One thing you can always do in vector spaces is complement subspaces. That is, given a subspace $X \le V$, you can find $Y \le V$ such that $X \oplus Y = V$. In finite dimensions this is done with bases, but in infinite dimensions, it's done with some kind of axiom of choice argument.

Aside: In infinite dimensions, it is common to attach a norm or topology to the space, forming a normed or topological vector space; most applications of infinite-dimensional vector spaces have natural topologies or norms, and yield more useful results. There are separate definitions for dual, adjoint, and complemented for spaces with norms or topologies. What we are discussing is the lesser-used algebraic versions of these terms. I mention this because it's a hard problem figuring out when a subspace can be topologically complemented, whereas algebraic complements, as I said, are guaranteed.
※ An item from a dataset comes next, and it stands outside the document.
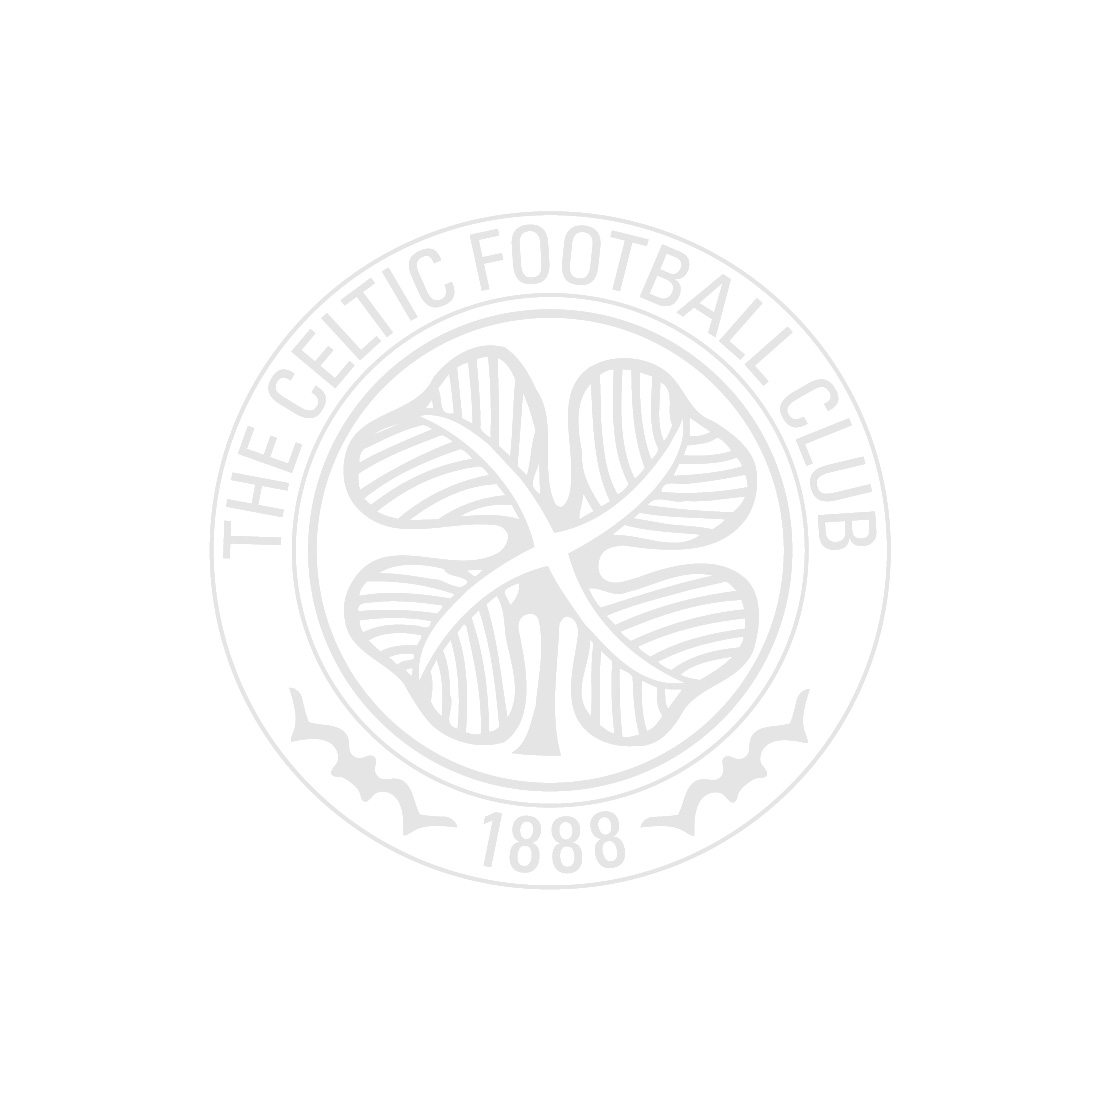 Celtic FC Wristband

Let's start by finding complements for $\operatorname{ker} T$ in $V$ and $\operatorname{im} T$ in $W$; call them $V_0$ and $W_0$ respectively. Let $$S : V_0 \to \operatorname{im} T : v \mapsto Tv,$$ which is to say, restricting $T$'s domain and codomain. I claim that $S$ is bijective and hence invertible.

To show $S$ is injective, it still suffices to show $\operatorname{ker} S \subseteq \{0\}$. Suppose $Sv = 0$. Then $Tv = 0$, and $v \in V_0$. But this means that $$v \in V_0 \cap \operatorname{ker} T = \{0\} \implies v = 0$$ as needed, since $V_0$ and $\operatorname{ker} T$ sum directly. Thus, $S$ is injective.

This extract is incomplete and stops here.